20% hypotonic shock induced significant ATP release on the apical side of the monolayers 1 min after stimulation, while no ATP was detected on the basolateral side (Figure 10A). The kinetics and concentrations of ATP release were similar to what has been reported in other experimental protocols [38,79-81]. Two sets of experiments tested if ATP could be implicated in rapid modulation of transepithelial current. First, because ATP has been shown to promote an increase in [Ca2+]i and to impact ENaC, we investigated if exogenous ATP, in the absence of osmotic stress, could increase this current. We found that apical, but not basolateral ATP, reduced total transepithelial current by 25%. These results are similar to what was reported in airway epithelial cells [82], trachea [9,83] and alveolar epithelial cells [10,11,84,85]. Because ATP could differentially modulate ionic current during mechanical stress induced by hypotonic shock, I was also recorded after hypotonic shock in the presence of apyrase, an ATP scavenger. Apyrase had no impact on the current rise elicited by hypotonic shock. Altogether, the data presented here ruled out a role for ATP in the rapid transepithelial current increase after hypotonic shock.

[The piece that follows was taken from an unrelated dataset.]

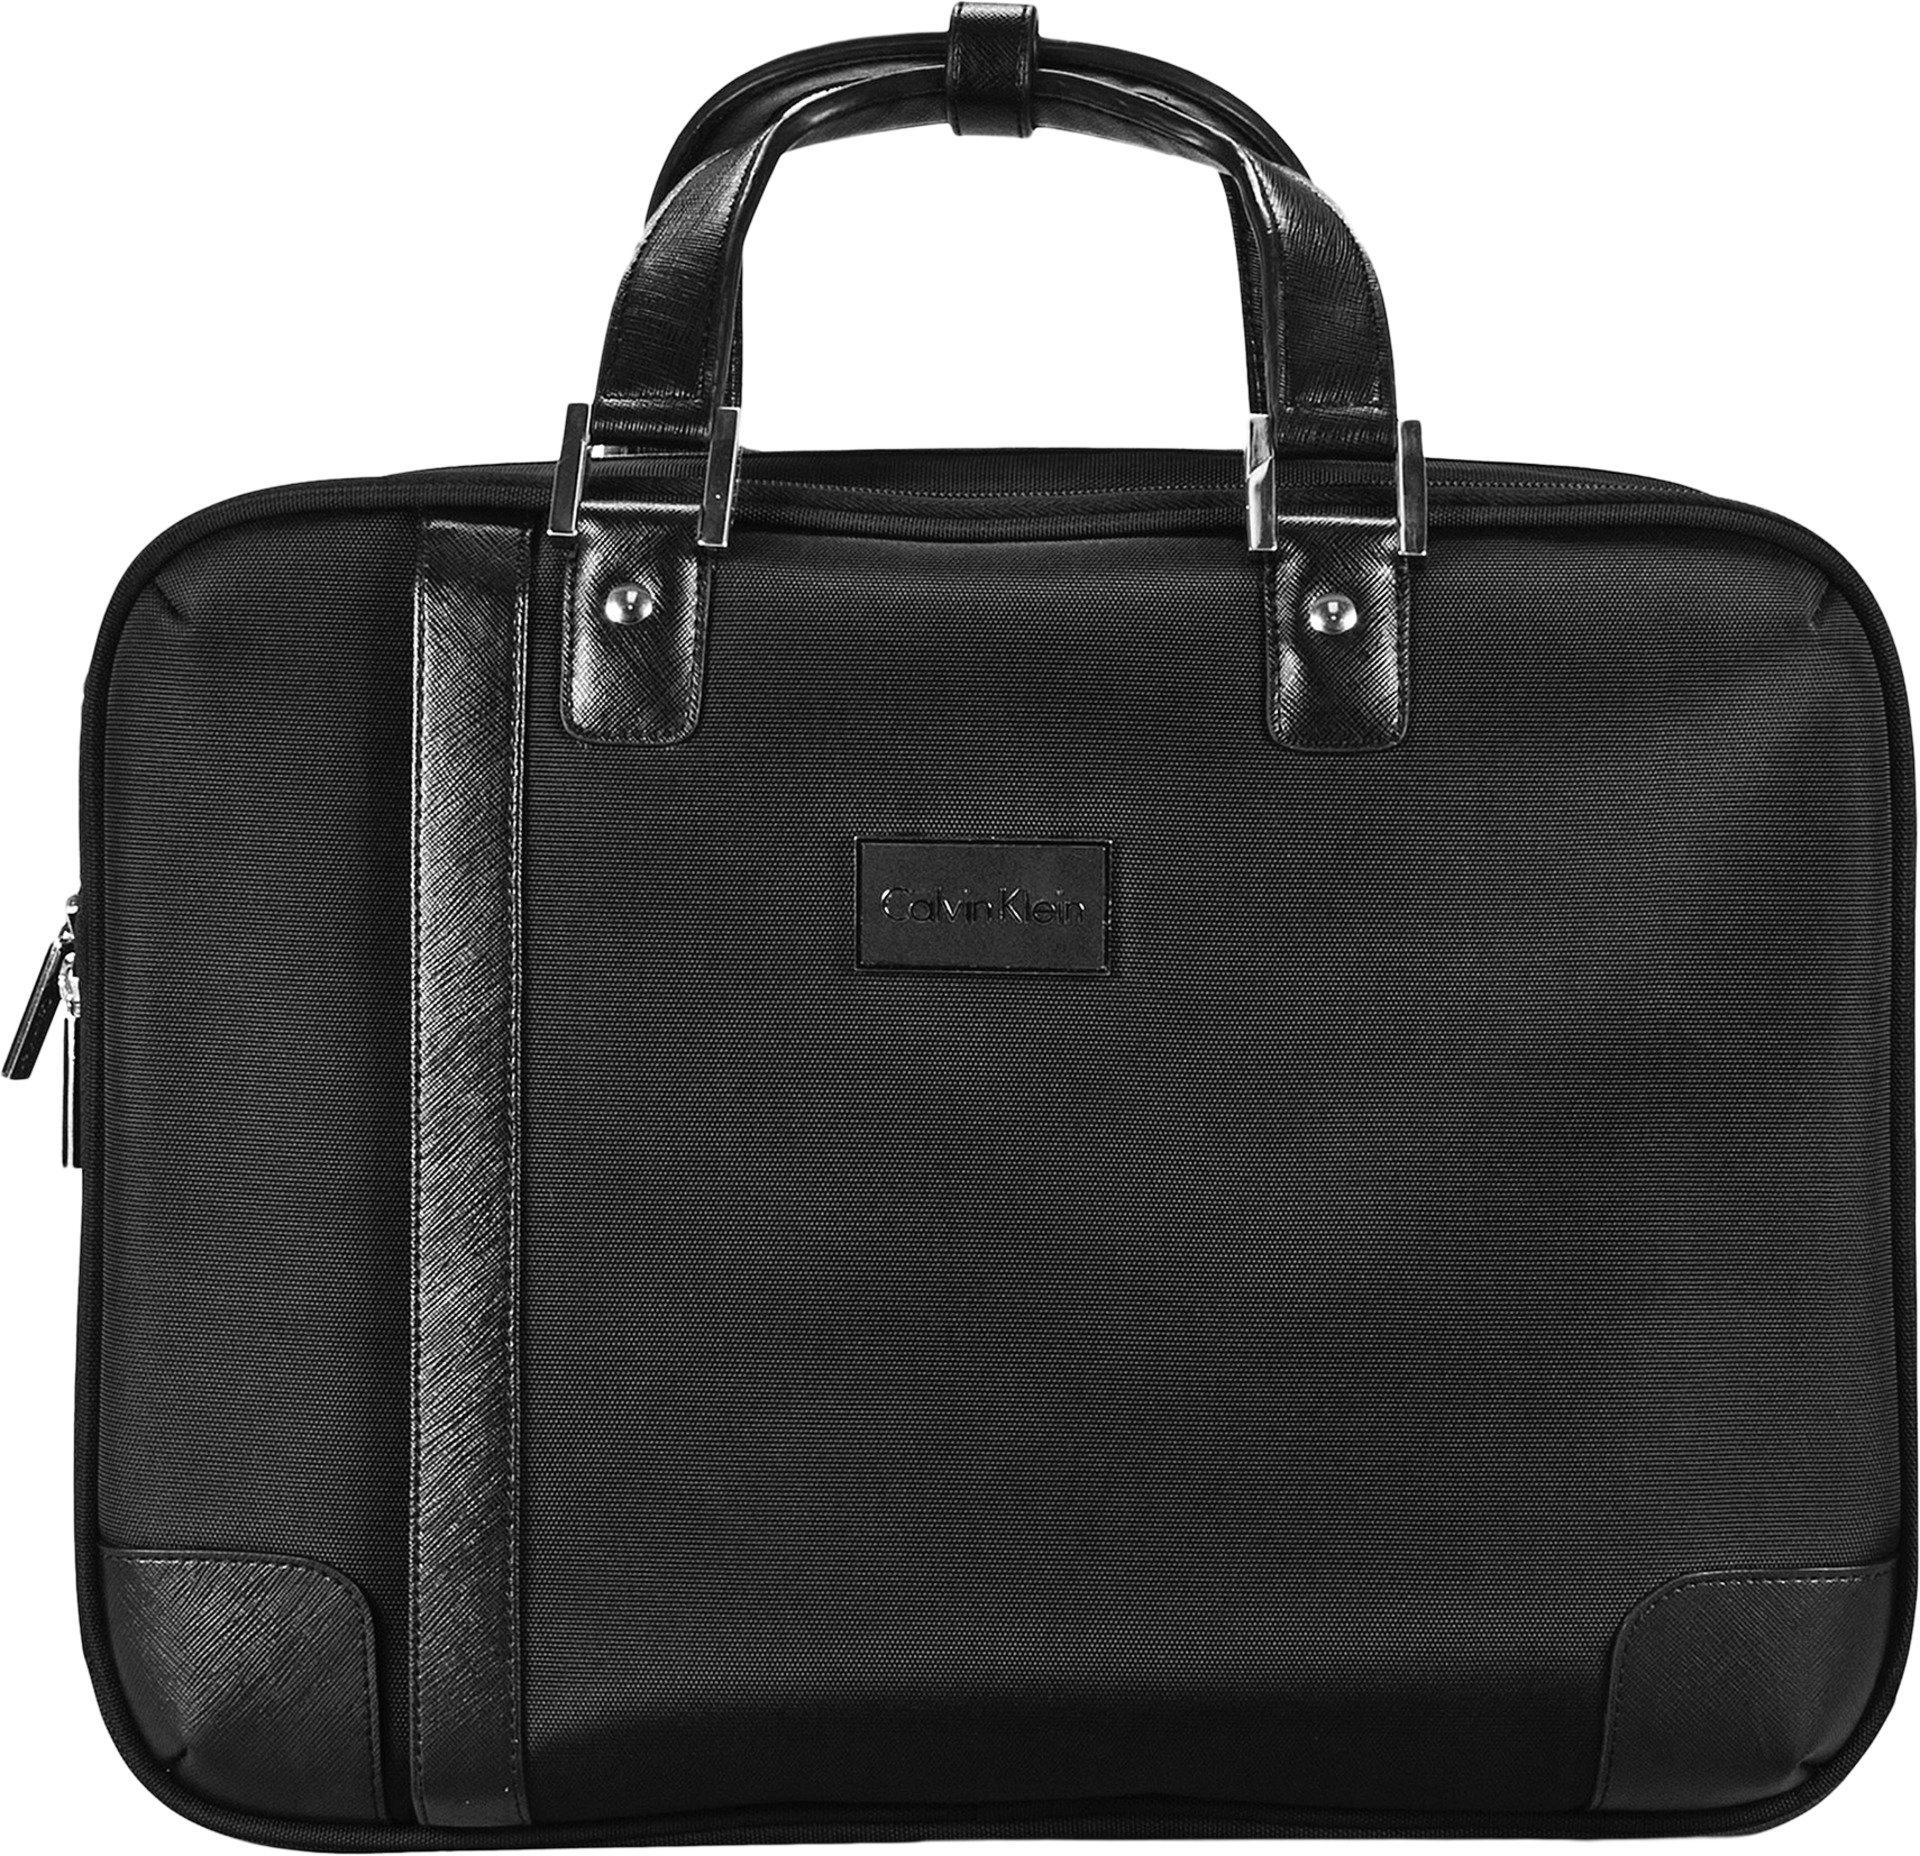 Calvin Klein Avalon 2.0 Laptop Case, Black, One Size

In conclusion, our results show that transepithelial Na+ current modulation is the result of a complex interplay between K+ and Cl- channels, the Na+/K+-ATPase and KCC in alveolar epithelial cells (Figure 11). KCC is important in Na+ transport by recycling K+ and allowing apical/basolateral transcellular Cl- transport. During hypotonic shock, the rapid transepithelial current rise is dependent on basolateral Cl- as well as Ca2+/calmodulin signaling. In the context of lung pathology, a better knowledge of the channels and transporters that are expressed in alveolar epithelial cells is important for the finding of new therapeutic targets to increase Na+ transport in cardiogenic or non-cardiogenic lung oedema. A comprehension of the interactions of Na+, Cl- and K+ current and transport involved in the cell volume regulation of these cells is also important to understand the repair process following epithelial injury and for the control of cell volume changes during cell growth and apoptosis.